Audio length: 7:25 minutes
Transcript published: April 26, 2012
Sub Deacon Emanuel is the homilist for the Great and Holy Thursday service.
We have reached Great and Holy Thursday. Today we complete our experience of preparation for the most important festival of the Church’s year. Some of us have fasted and abstained a great deal. Others have fasted and abstained little. Yet for all of us, there is an important experience awaiting us today—to become one with Christ, to seek the Father’s will in our lives and to permit the Holy Spirit to act upon us. Forget about yesterday or the weeks of Lent behind us. What matters now is becoming one with Christ in both His suffering and His glory, in both His crucifixion and His resurrection.
On this Great and Holy Thursday we gather with Jesus Christ and His apostles in the Garden at Gethsemane. We have come to pray with Him. Christ leads us is in a very difficult prayer in the 26th chapter of the Gospel of St Matthew, verses 39 and 42: “My Father, if this is possible, let this cup pass from Me, yet not as I will, but as You will… My Father, if this cannot pass away unless I drink it, Your will be done.” Jesus knows that He is about to experience great pain in the crucifixion. He has no wish to experience such pain, just as each of us do not wish to experience pain in our lives. Yet Jesus also knows that He must continue to trust the Father. He knows that the Father has a Providential Plan for His life.
This prayer which Jesus makes alone in the Garden of Gethsemane, as the apostles sleep, possibly recovering from a magnificent Jewish Passover meal, is a prayer that each of us can make every day of our lives. “Your will be done,” Father. This is a tough prayer. Often, we want to do what we want to do. We would like to live life with a minimum of suffering, just as at times Jesus Himself wanted to. However, as Jesus recognised and as we must come to recognise too, that is not possible. The Father’s will for each of us is not a carefree life of doing what we like, ignoring other people, ignoring God, and being as comfortable as we wish. That is why the priest washes our feet—as a sign that Jesus wants us to serve one another, as He continues to serve us.
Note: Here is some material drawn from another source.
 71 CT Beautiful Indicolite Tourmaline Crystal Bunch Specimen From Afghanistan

The saying is correct: Neale Donald Walsch said, “Life begins at the end of your comfort zone.” and there is strong Biblical support for such an attitude. In the 42nd chapter of Isaiah, verse 16, it is written: “I will lead [you] by a way [you] do not know, along unfamiliar paths I will guide [you]. I will make darkness into light before [you] and make the rough places smooth. These are the things I will do; and I will not forsake you.”
God the Father did not forsake His Son, Jesus Christ. He will not forsake us. In the midst of the Holy Thursday services, where some churches mention the so-called “perfidious Jews,” we should also recognise that God has not forsaken the Jewish people. For centuries, Jews were blamed for the crucifixion of Jesus; and they certainly did suffer. Because some Christians believed that the Jews killed Christ, those Christians killed Jews—for many centuries, in many countries, in many pogroms.
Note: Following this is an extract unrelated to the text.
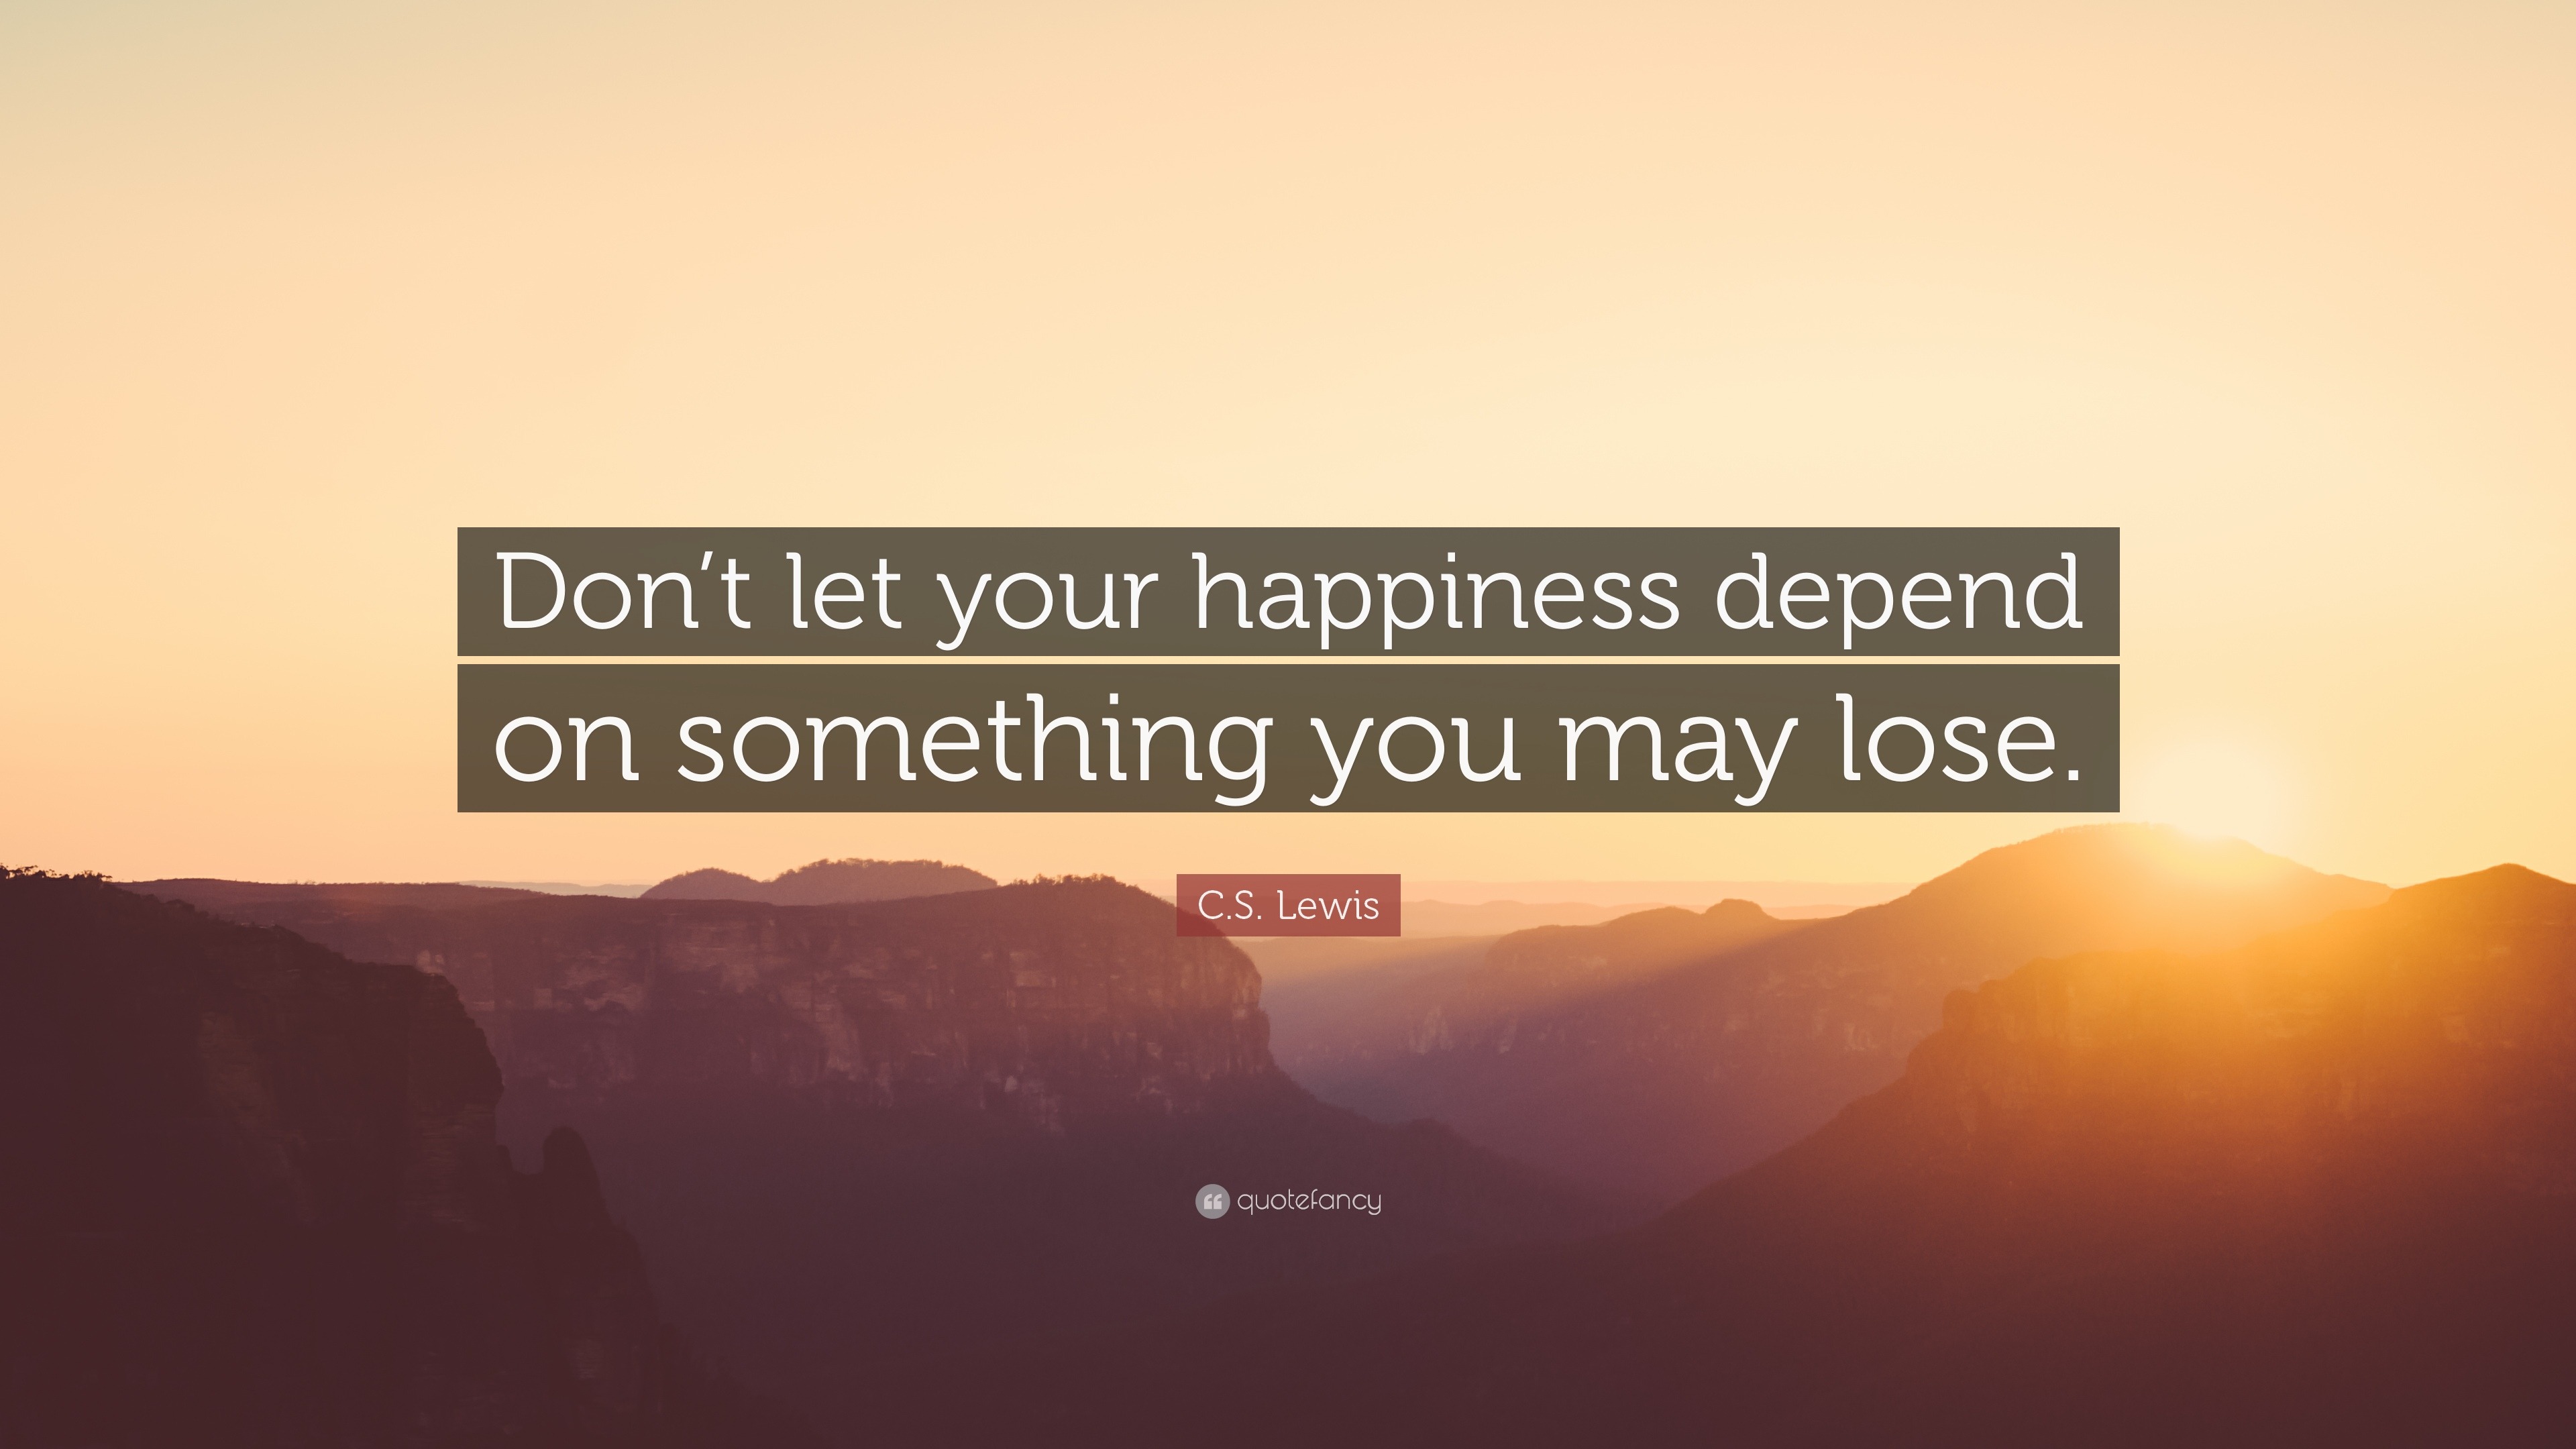 C. S. Lewis Quote “Don’t let your happiness depend on

Yes, it is true that a combination of Jewish priestly fears and Roman violence enshrined in despotic law led to the crucifixion of Jesus. However, remember, as Jesus Himself pointed out in Chapter 26 of the Gospel of St Matthew, verse 53, through the crucifixion “the Scriptures [were] fulfilled, which say that it must happen this way.” God permitted the Jews and the Romans together to conspire to kill Jesus. The reality remains that Jesus Christ was born, lived, died and was resurrected as a Jew. His Hebrew name is Yeshua.
It is not for us today to judge either the first century Jews or the first century Romans. Our task on this Holy Thursday is not to judge but to forgive, not to hate but to love, not to avoid suffering but to accept it. Perhaps some of us struggle with this desire to judge others, to be critical of others. I know I do. If we are determined to judge on Holy Thursday, it is neither the Jews nor the Romans but we ourselves that we should judge. When we fail to follow the Father’s will, it is we who crucify Our Lord. We are the ones who try to avoid suffering in ourselves by ignoring the will of the Father. We too are the ones who have fallen asleep in the Garden of Gethsemane when Christ asked us in that 26th chapter of the Gospel of St Matthew, verse 38, to “remain here and keep watch with Me.”
Here then is the meaning of Holy Thursday. Seek to follow the Father’s will in your life. Let us not be critical of the Jews, the Romans or anyone else. We all crucified Christ together. But just as the Father has forgiven us, so we can forgive others. We can listen to the Father, the Son and the Holy Spirit, as we seek to follow the Father’s will. Let us resolve tomorrow night, at home or in church, we will keep watch with Christ.